So here goes part 2 of this journey, words don't describe my amazement at how beautifully God orchestrated this part of the story up to this point. He works in ways that I didn't ever see coming and it is so cool (for lack of a better word).
I wrote about my nearly catastrophic first day at FNBA a while back, but these last three months have been such a blessing. The way it started should have been a warning sign to me that what I think is best, isn't always what is really best.
It started with quitting school after one semester with the goal of working full time, but not having a job. For a month, I halfheartedly job hunted and applied to some random jobs here and there. Nothing ever came back to me and after four weeks I was still in square one and starting to feel frustrated. Then I got an email. It was from a close family friend who wanted to alert me to a job opening at the bank where he worked. I read part of the description and promptly deleted the email. I would have to be on the phone 99% of the time and that alone was enough for me to decide that it wasn't the job for me. Sitting at a desk wasn't what I had pictured at all either. So boom. Delete. Move on.
A few days later my dad asked me about the email. Apparently, he had gotten the email sent to him on my behalf as well as a phone call from our friend recommending that he encourage me to apply. I told my dad I wasn't interested and why and right as I hung up with my dad I got a phone call from said family friend and his wife. After about half an hour they had convinced me that I should at least apply. They told me about the extensive hiring process and I figured if, at some point during the process, something went wrong, then I'd know it wasn't meant to be. (I basically assumed something would go wrong because I had convinced myself this wasn't the place I was going to be working.) I went through the interviews and tests waiting for the something that would go wrong to prove that I was right.
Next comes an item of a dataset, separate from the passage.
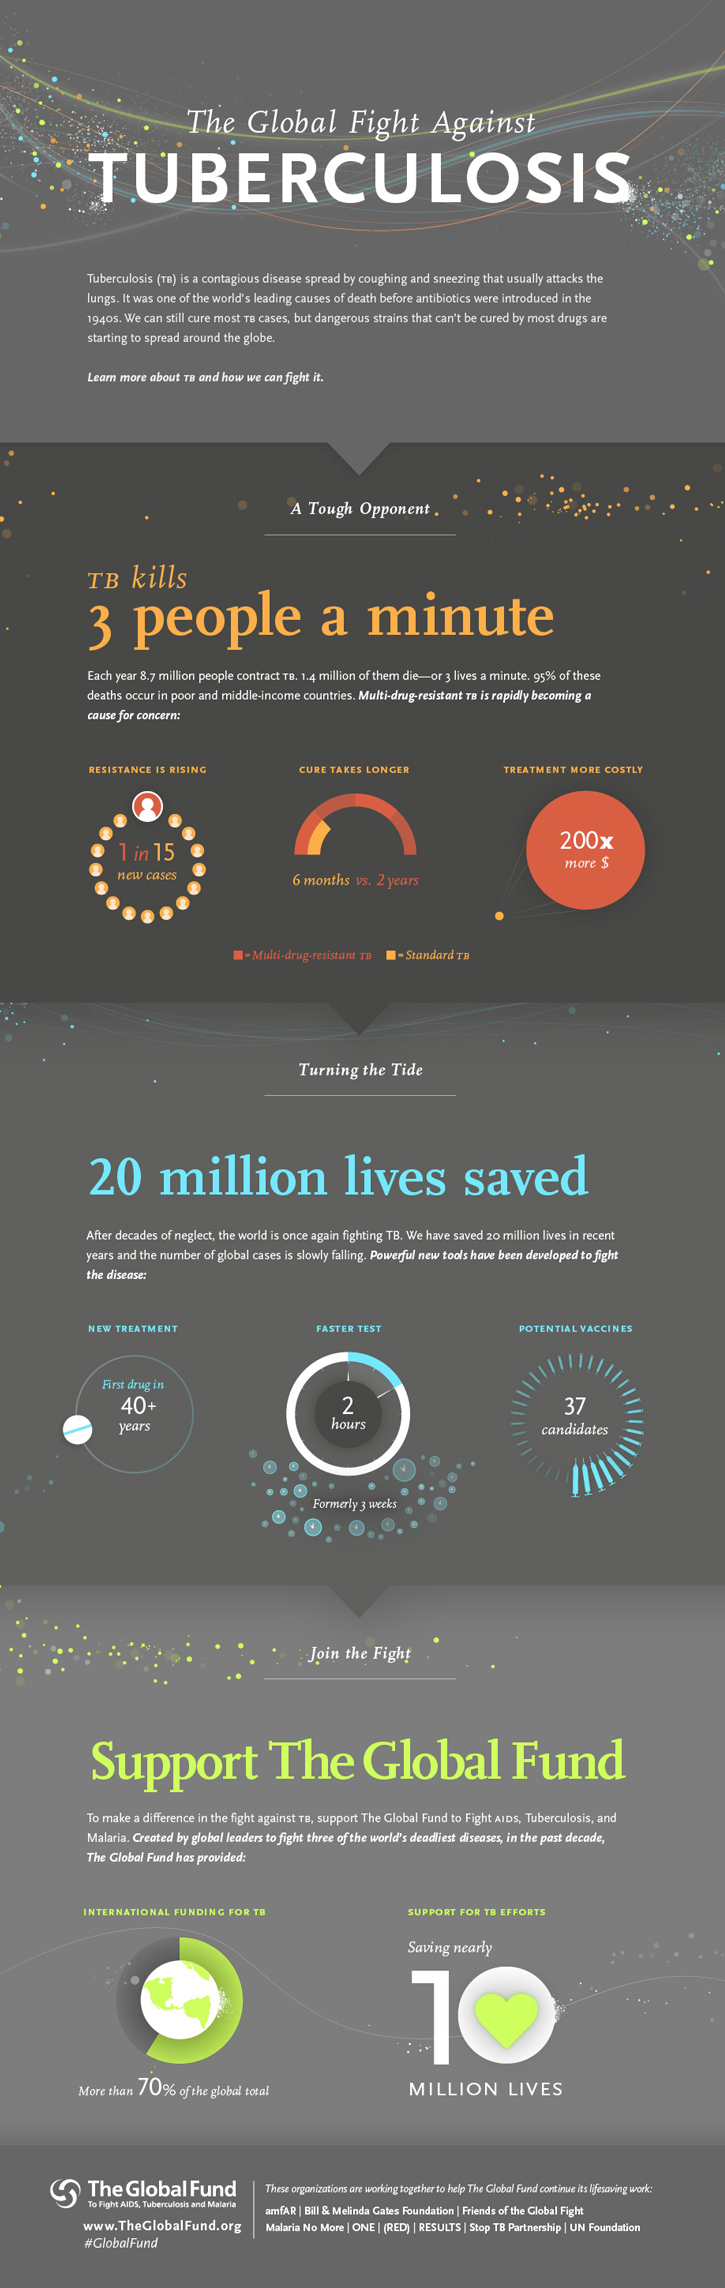 The Global Fight Against Tuberculosis Global fund, Nobel

So about a week and a half later when I was starting my first day on the job I was shocked by how smooth the whole process had gone and how God had worked it all in ways that I clearly didn't see coming. I had a lot of things to learn (I still do) but everyone has been so helpful and easy to work with!
I figured that once I had a job I wouldn't want to leave for the summer only a few months after I started working. So once I got the job at FNBA I just assumed that summer would definitely not happen even though I had considered it a few times during the month without a job.
During one of the interviews, while looking at my application, my current supervisor asked me about my past experience working at camp and if I would ever want to do that again. I told him just that I had thought about it before having a job but probably wouldn't once I started working. He said that a lot of the college students working at the bank either go home for the summer or do an internship, so if I wanted to spend another summer at camp it would be perfectly fine. He brought it up again about a month later and restated that it would be okay to apply. This past week I got to tell him that I'd be leaving for camp at the end of May and that I would be gone through the middle of August.
Not only was I astounded to get a job that I certainly never expected to enjoy but then also be able to leave for the summer and know that I will be able to come back and continue working! Such an amazing gift. As God continues to point me to camp this summer, I'm most excited to see how He will continue to work and show Himself bigger than my expectations and stronger than my doubts and assumptions!!